Nick Polce: First time at Agile Australia?
Jonathan Smart: Yes, first time at Agile Australia.
Nick Polce: Excellent. I know you've been to Australia before. How are you finding this time around?
Jonathan Smart: Yeah, great. Yeah, 27 years later I'm back.
Nick Polce: That's a long time between trips. Can we start off by you just kind of sharing a little bit about your story, both personally and professionally?
Jonathan Smart: So, I've been a natural and lean practitioner for nearly 30 years. Um, we started out in investment banking on the trading floor. We were naturally agile. The word agile wasn't being used. We were a small multidisciplinary team. We, were delivering value multiple times a day, business plus tech. So for me, this is like a no brainer.
This is back to the future. This is how we should be working. And then during the course of my career, I've taken teams on the journey from traditional ways of working to more modern ways of working at increasing scale that led up to Barclays Bank, um, across 18, 000 people in 40 countries, 300 years old, the elevator pitch is we have 20 times better quality, we have three times more value more quickly, and we have the happiest ever colleagues.
Nick Polce: It's pretty impressive. Did you know, I'm really interested, your first piece of work was About as agile as you can get. Did you know at the time how good it was or only, you know, as you're moving through your career, reflecting back and saying, we had it all kind of back in the day.
Jonathan Smart: Yeah, the latter. So only in hindsight did I realize what a high performing team we were. Because obviously I'd just left university, I'd just joined as a graduate, I was really fortunate that that was my first job. And also, from, in terms of my generation, I grew up with home computing, the beginning of home computing, ZX Spectrum, Commodore 64, BBC Model B, and I, since the age of 12, I've been programming, at home, because you could, and it was easy.
And so, but even then I'd been exhibiting agility not in a multidisciplinary team, but you know quick feedback loops and everything else so it was it again, it was a no brainer part of your day. It was a no brainer then in that way of working And then I did experience the dark side of waterfall as I then inherited teams with traditional ways of working or the control environments in the company mandated waterfall ways of working and saw, needless work waiting, competing between role based silos, a lack of end to end flow of value, really unhappy colleagues.
Nick Polce: Do you remember how that felt, the first time you went from this, high performing team into a more traditional... Environment? How did that Yeah, so It would have felt very unnatural for you.
Jonathan Smart: Yeah, and I and it wasn't a case that I would slot into it and work that way. I'd be a rebel and be the one to get out of that way of working.
And I there was one team I inherited where I spoke to the team. They were extremely thoughtful ways of working, and I said to the team, because it was really peace to famine, I said, Why are you still at this company? Why haven't you left? And they said, We're united for a common suffering.

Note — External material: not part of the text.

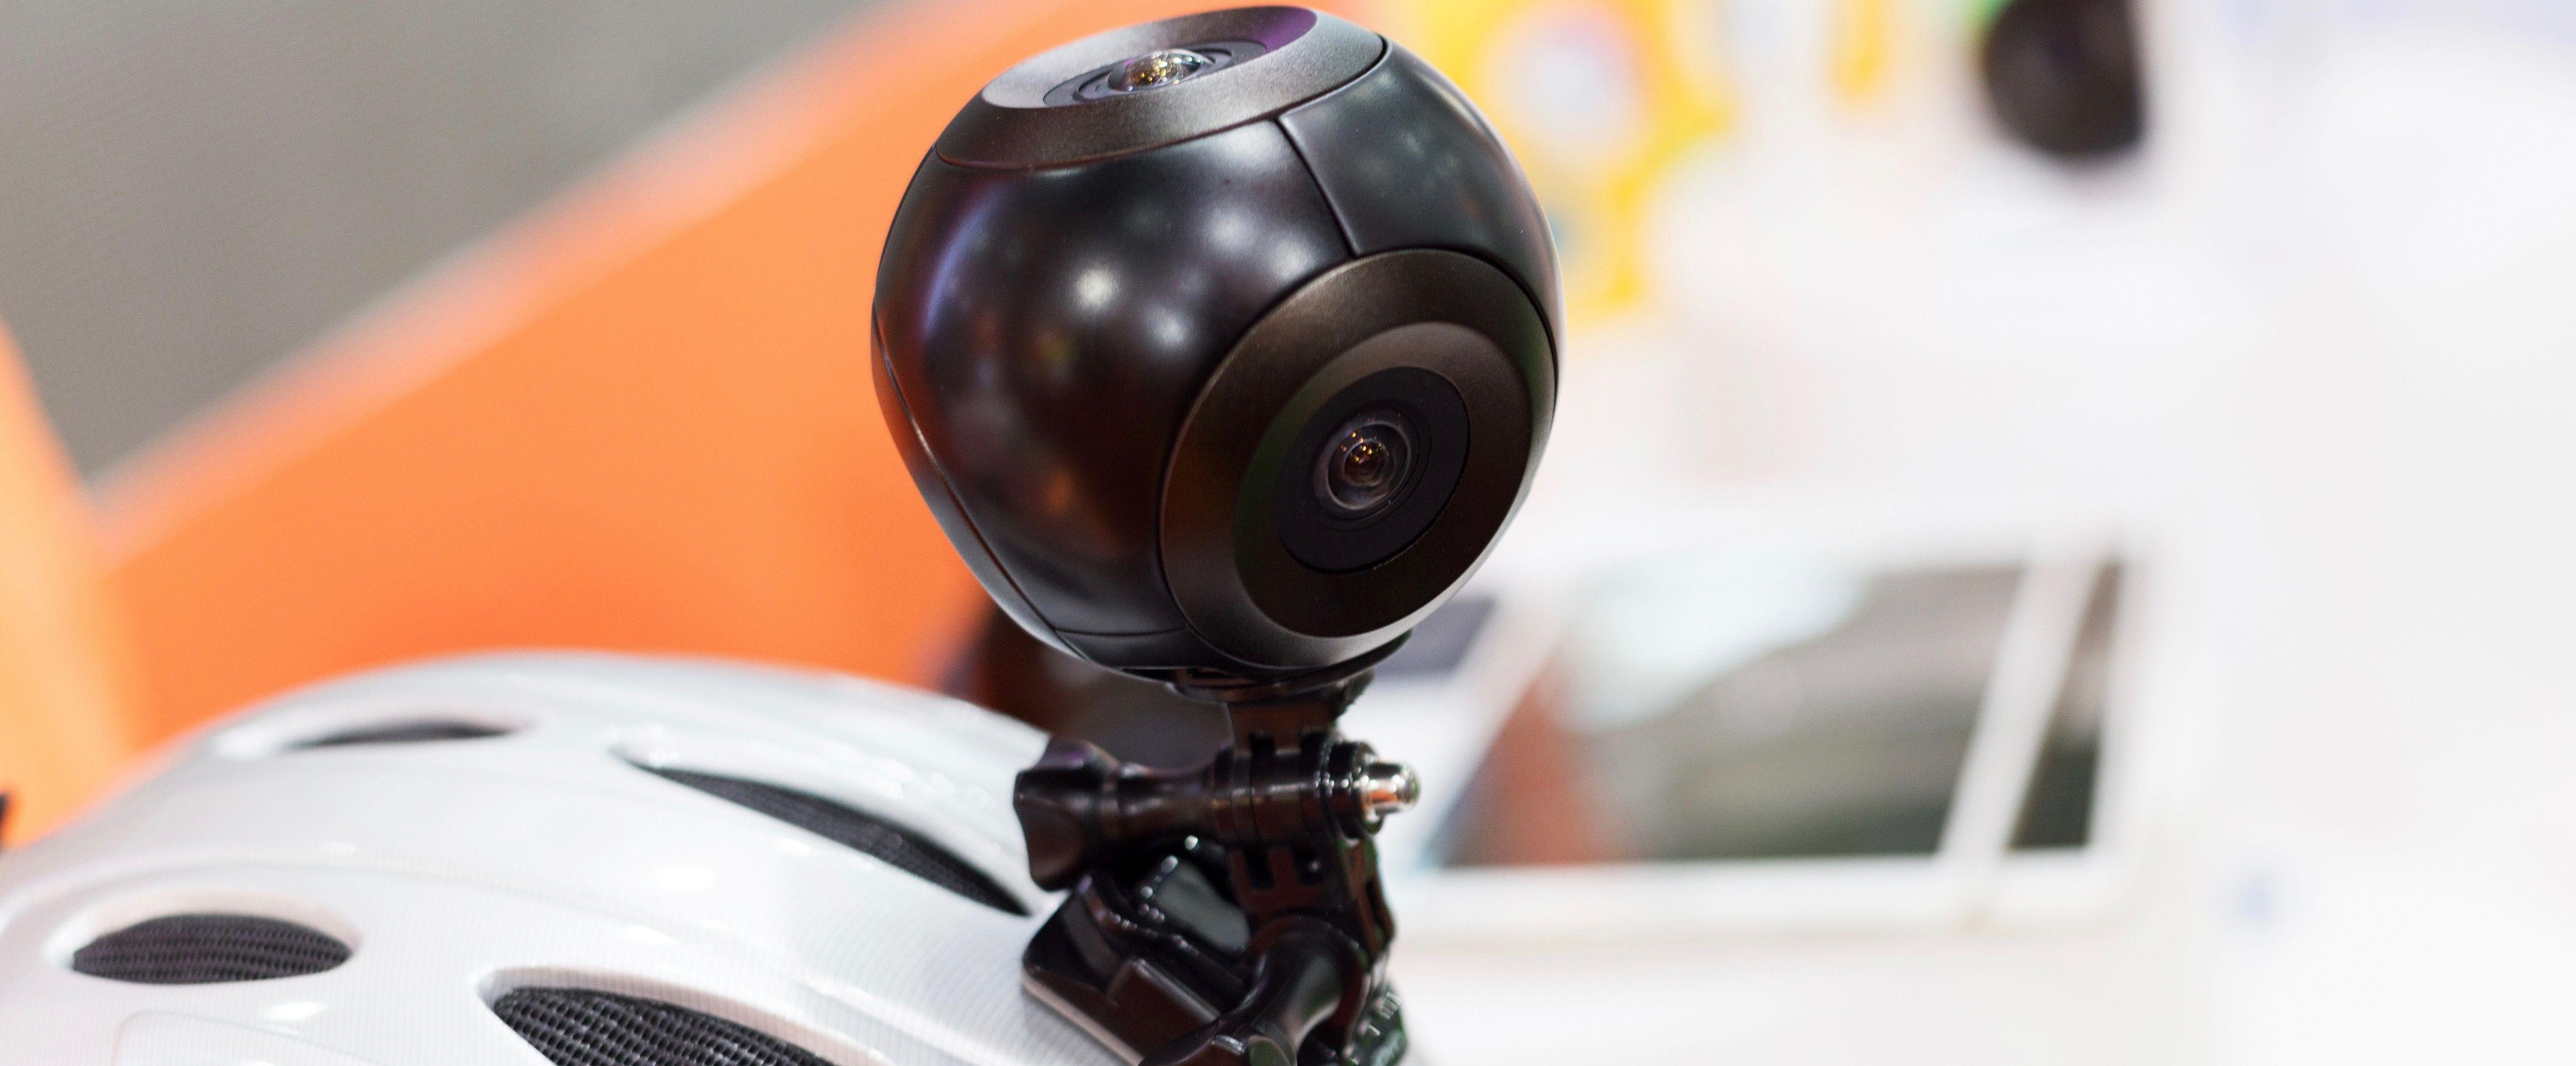 360-video-camera-compressor.jpg

Nick Polce: That was their purpose.
Jonathan Smart: That was why they were still at that company. They had a form of organisational Stockholm Syndrome.

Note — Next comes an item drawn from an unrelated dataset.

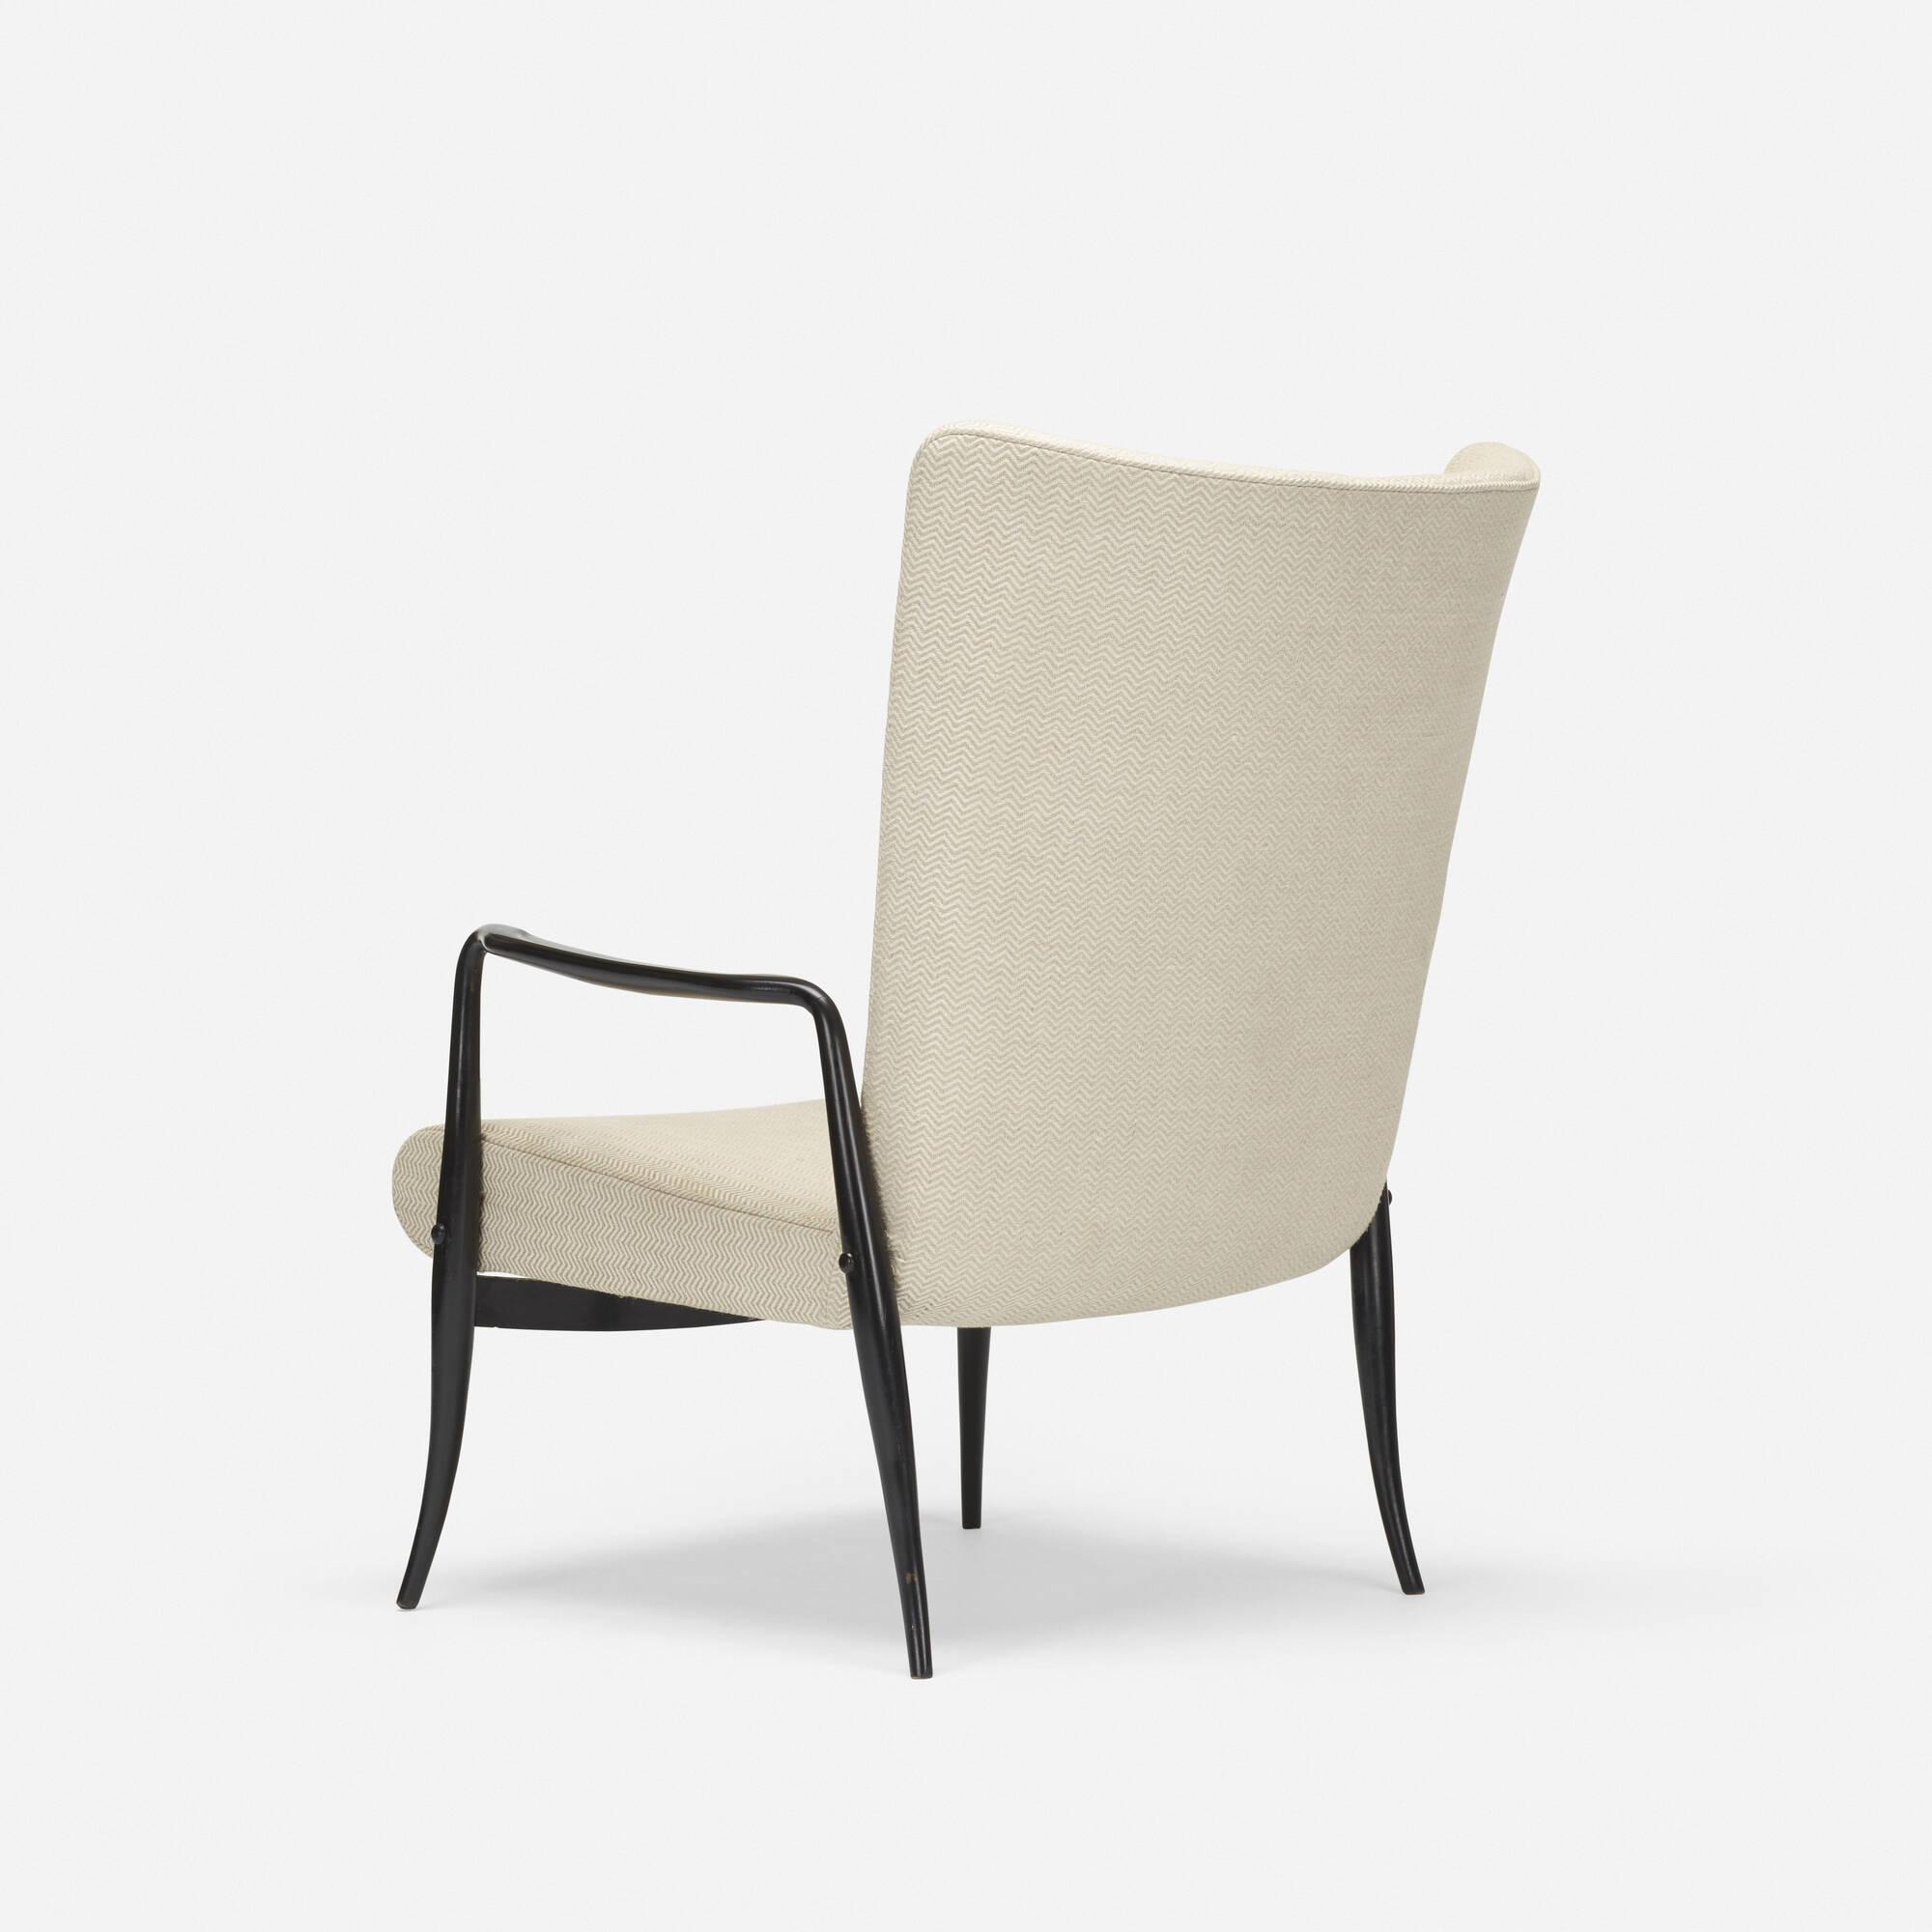 173: Brazilian / lounge chair (2 of 3)

Nick Polce: Wow, that's incredible. So, moving on from your experience, you've got obviously a lot of experience across a whole range of different industries. For those that are listening that are unaware, you've created what I call a movement, for lack of a better word, around Super, Sooner, Safer, Happier.

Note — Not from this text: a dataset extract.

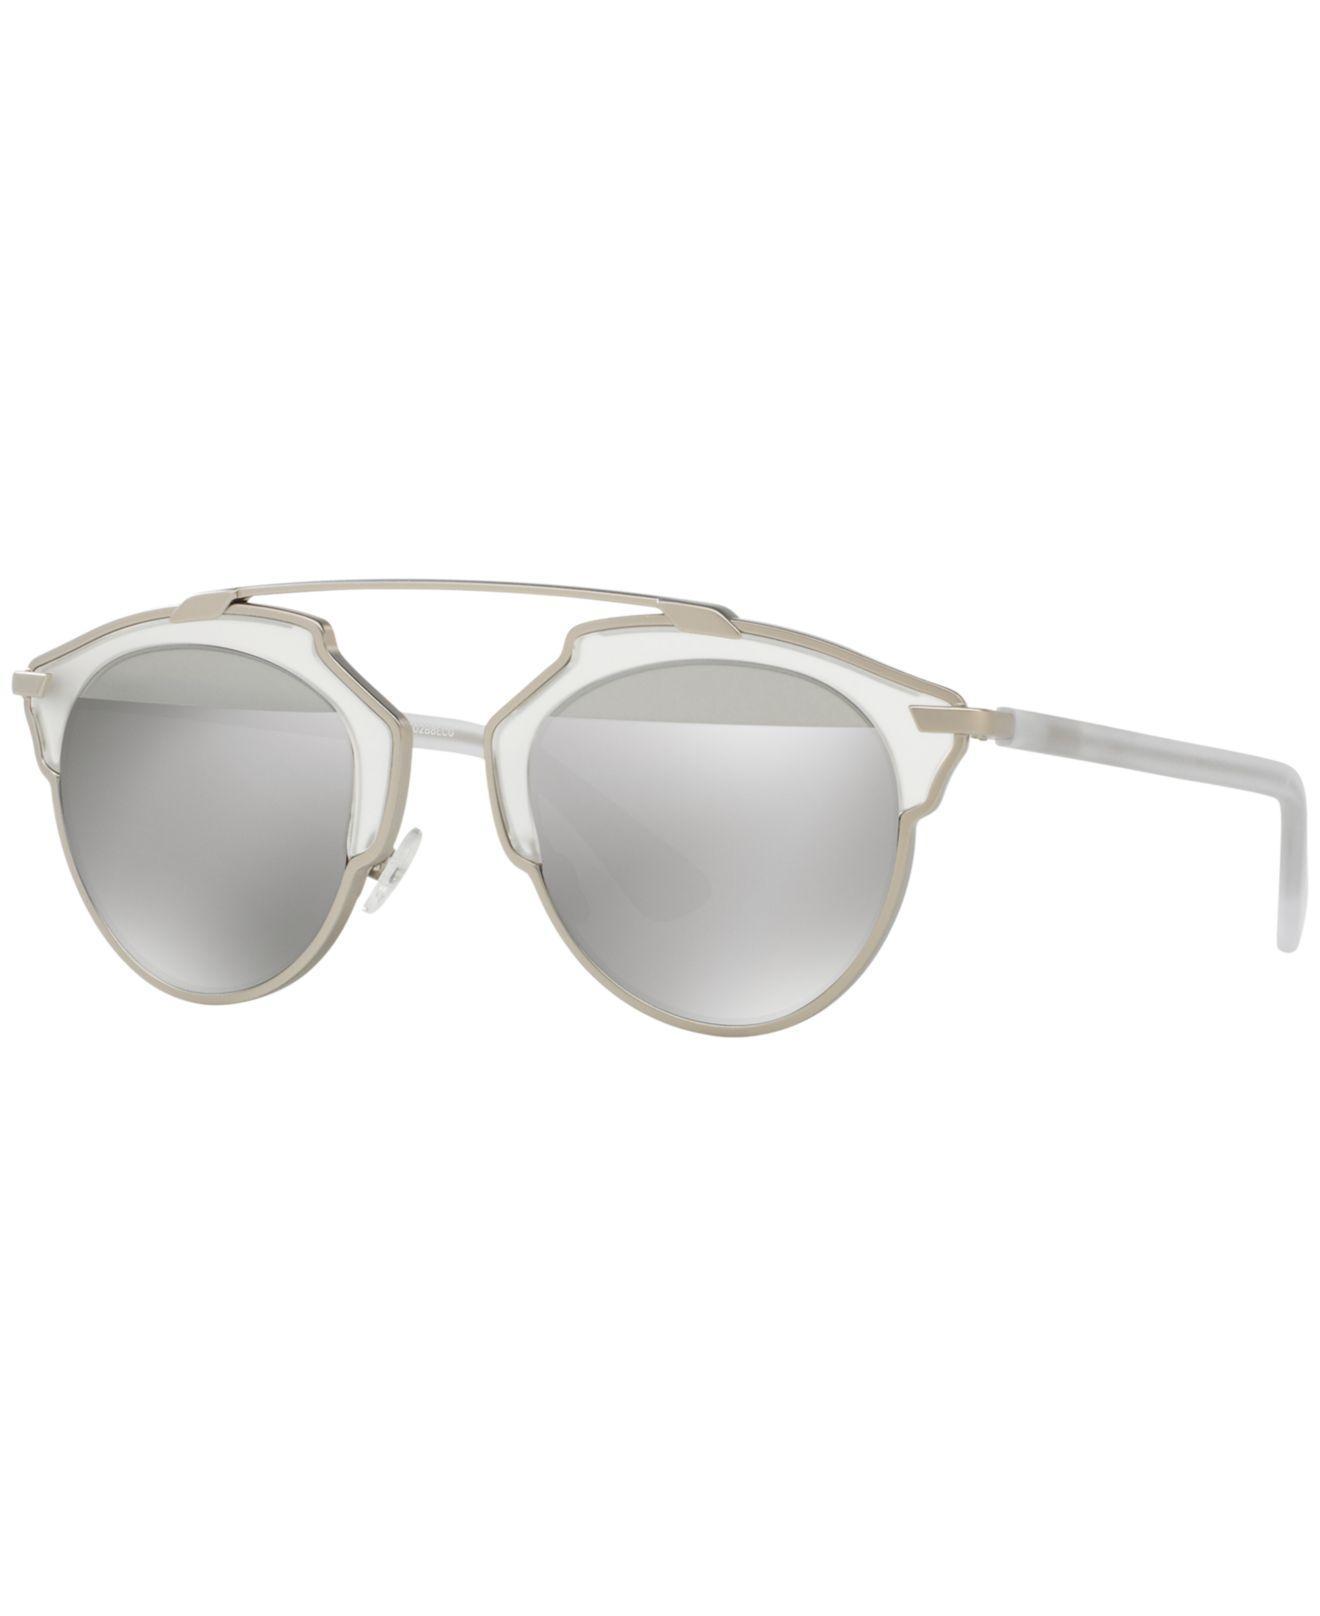 07f0ff8cdf3 Dior. Women s Metallic Sunglasses

Can you maybe just explain what that is, or the intent behind that?
Jonathan Smart: Yes. So, in a nutshell, we'll focus on the outcomes. Focus on the goal you're going after, not the means to the end. So my learning was, I was ahead of the Agile transformation, we were running an Agile transformation, we were measuring how many Agile teams do we have, how many product owners, front masters, stand ups, who's using Jira, which are all the wrong things to measure.
How many people have we trained in Agile? That was stupid, it was dumb, I wish I hadn't done it, but this is all about intelligent failure and learning. We made a mistake. because Agile is not the goal, Agile is a means to an end, so what's the end? What's the why? What's the outcomes? And in my experience, when I was leading Ways of Working as a permanent member of staff previously, we pivoted to better value, sooner, safer, happier, because that's the goal.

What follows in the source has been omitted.